MATERIAL PROVIDED:
────────────────────────────────────────

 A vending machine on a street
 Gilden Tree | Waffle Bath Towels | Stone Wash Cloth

────────────────────────────────────────

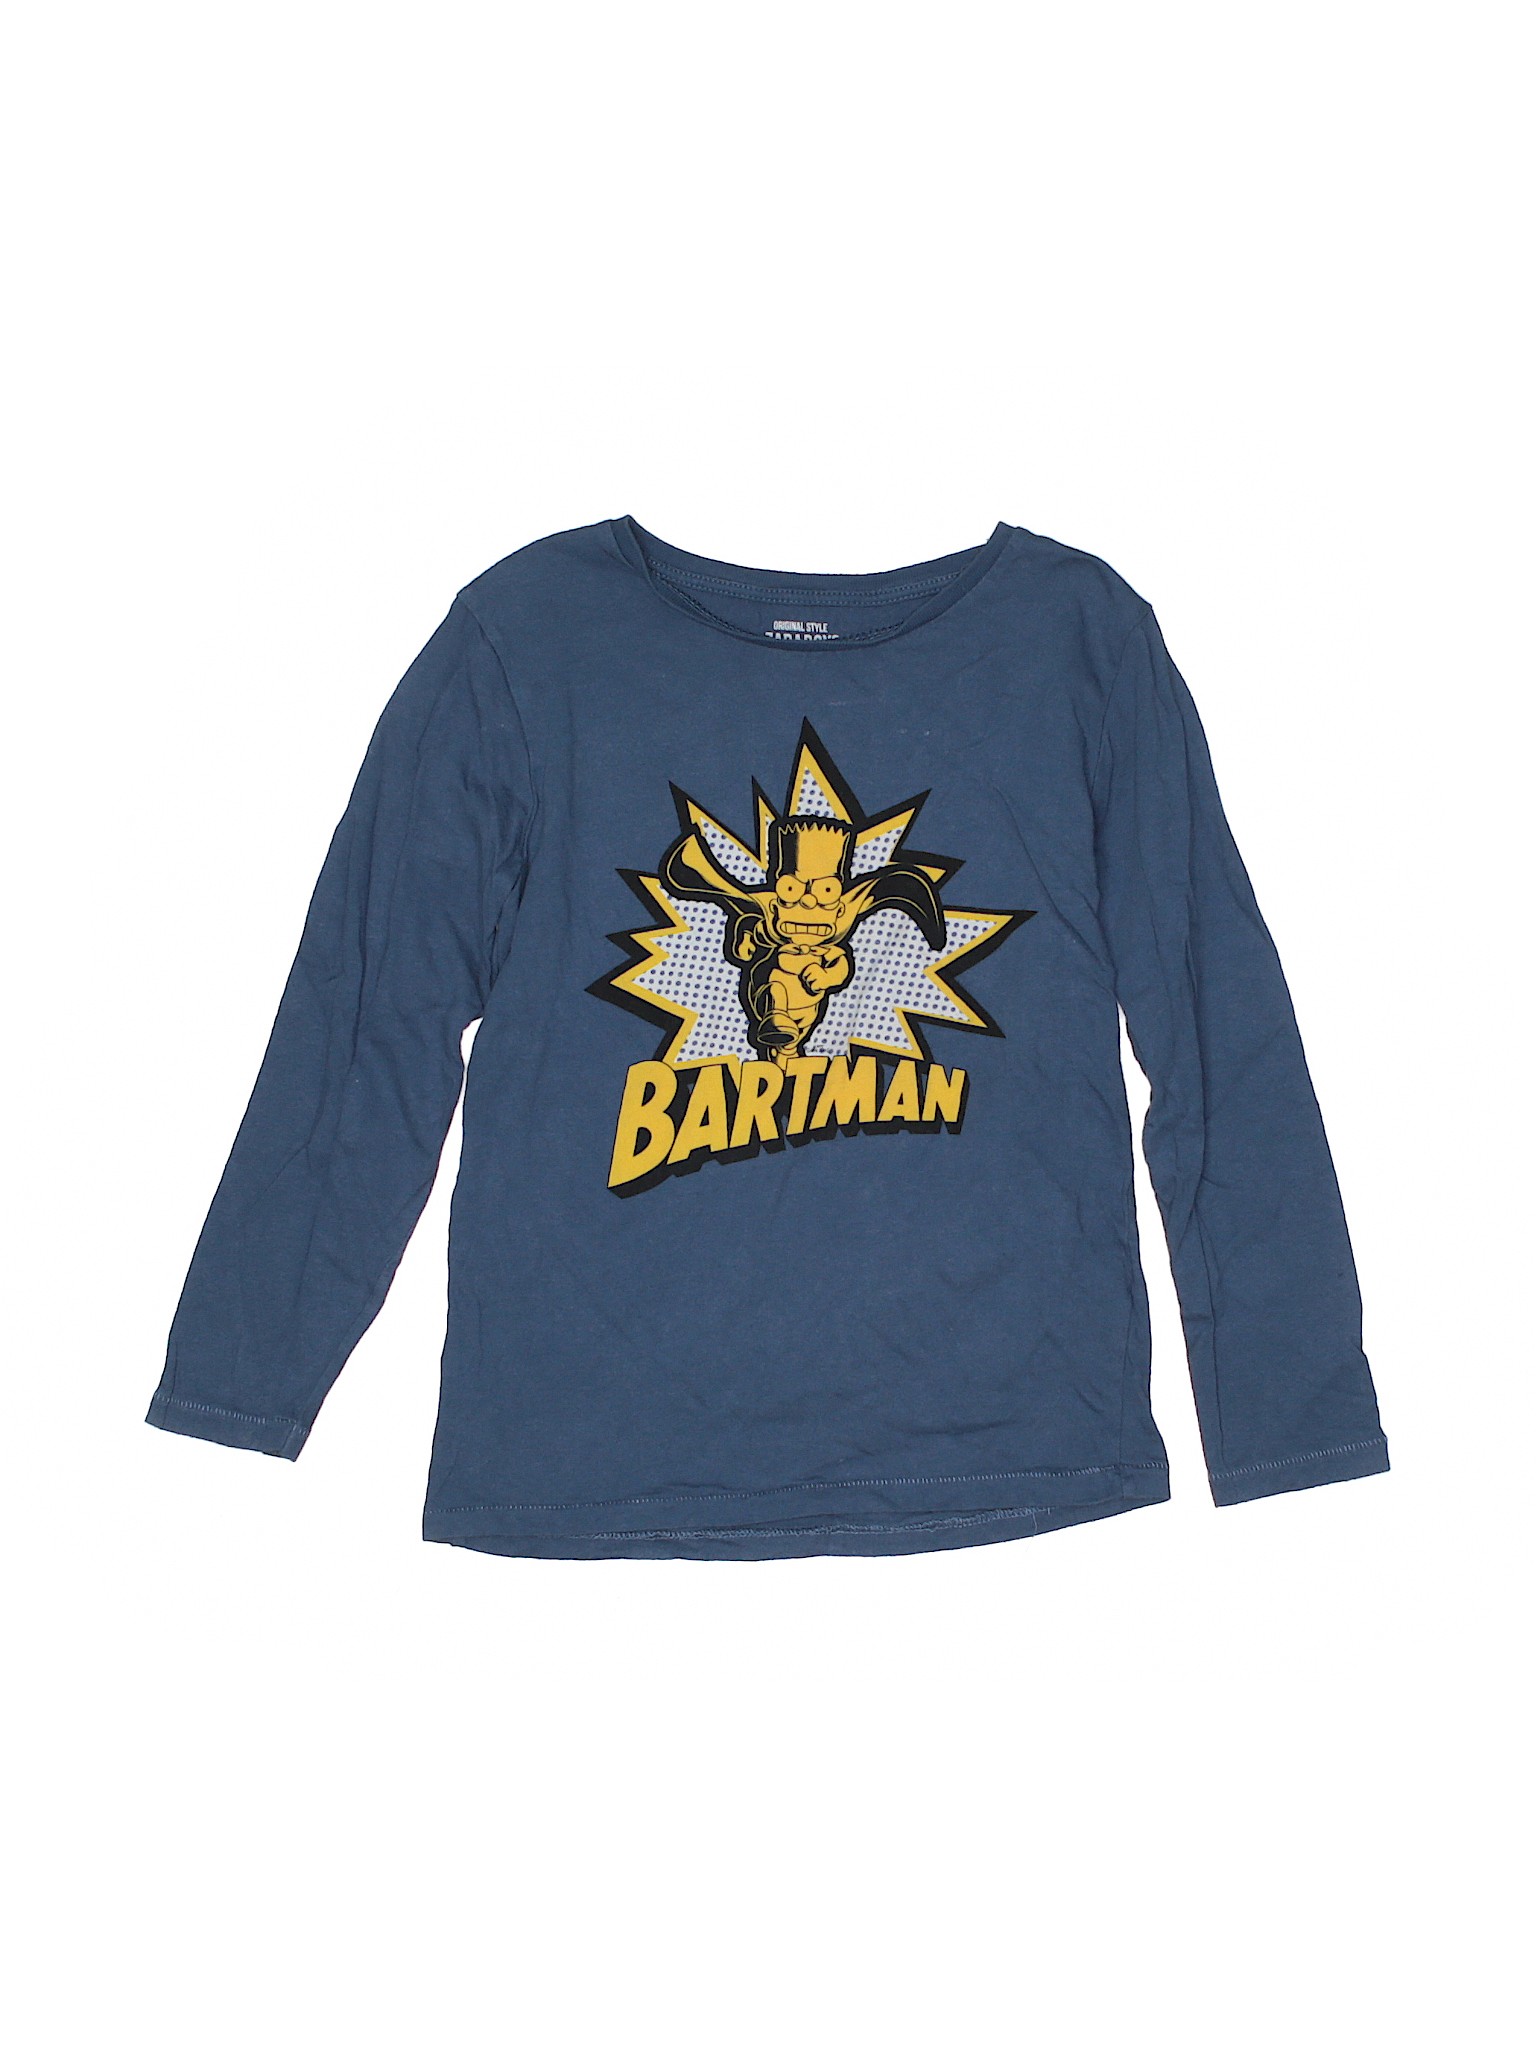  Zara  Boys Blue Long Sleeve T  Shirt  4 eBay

────────────────────────────────────────

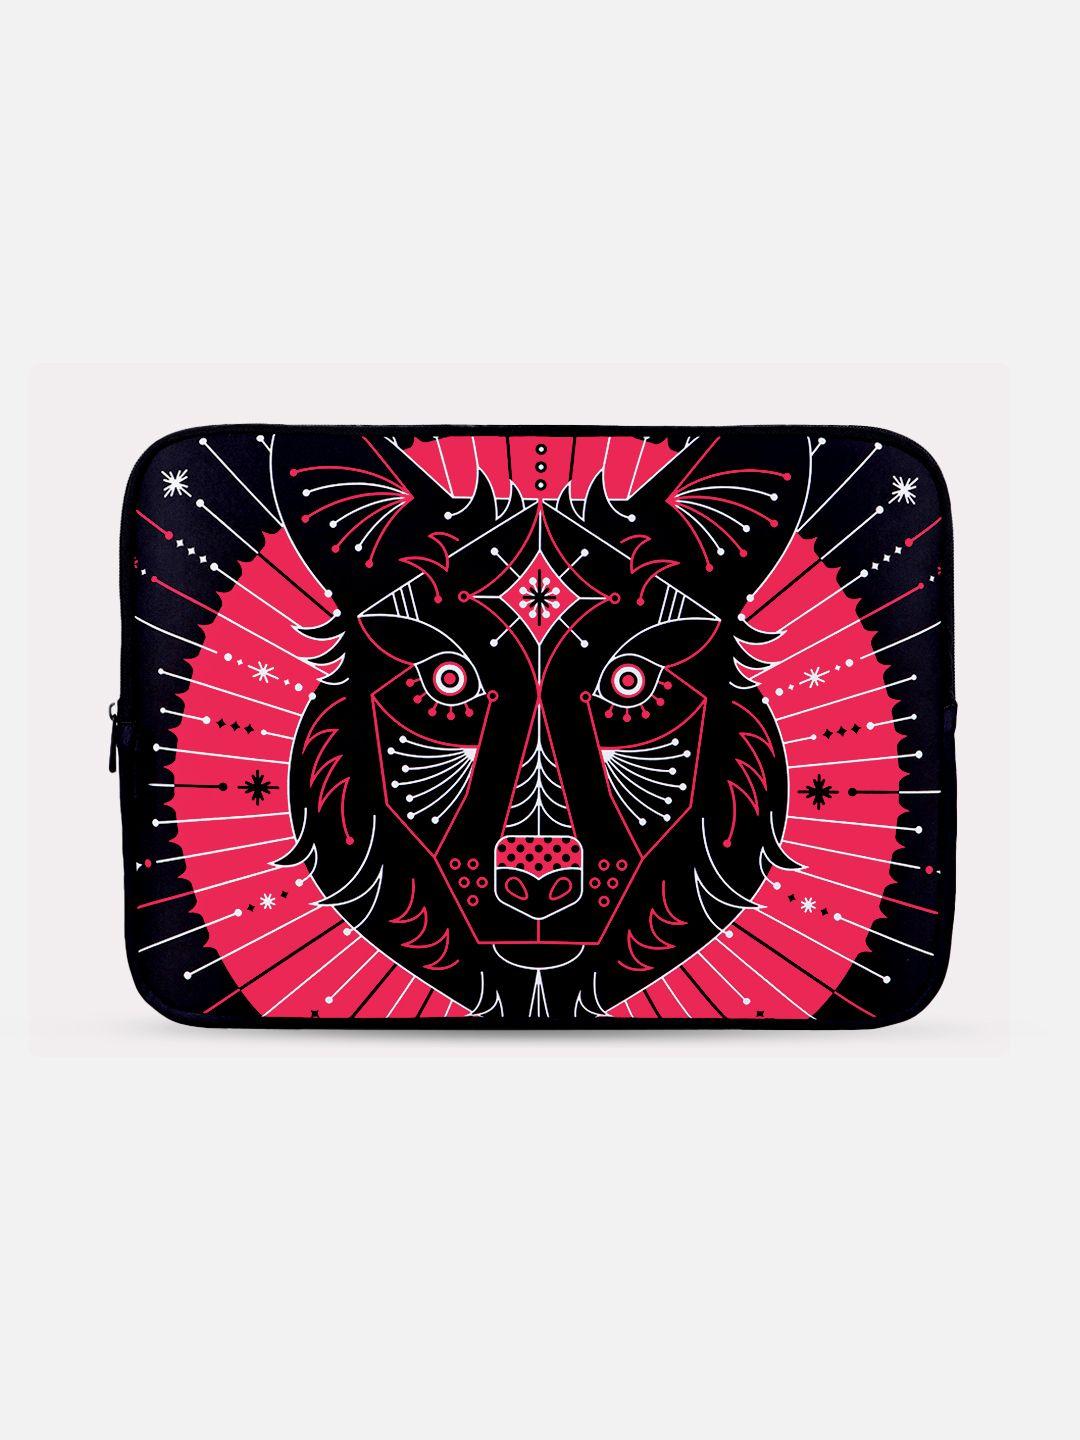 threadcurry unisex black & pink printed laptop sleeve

────────────────────────────────────────

EXERCISE GOAL: Please give an exact copy of the entries above, from the line with "A vending machine on a street" down to the line with "Gilden Tree |", inclusive, and nothing else.

RESULT:
 A vending machine on a street
 Gilden Tree | Waffle Bath Towels | Stone Wash Cloth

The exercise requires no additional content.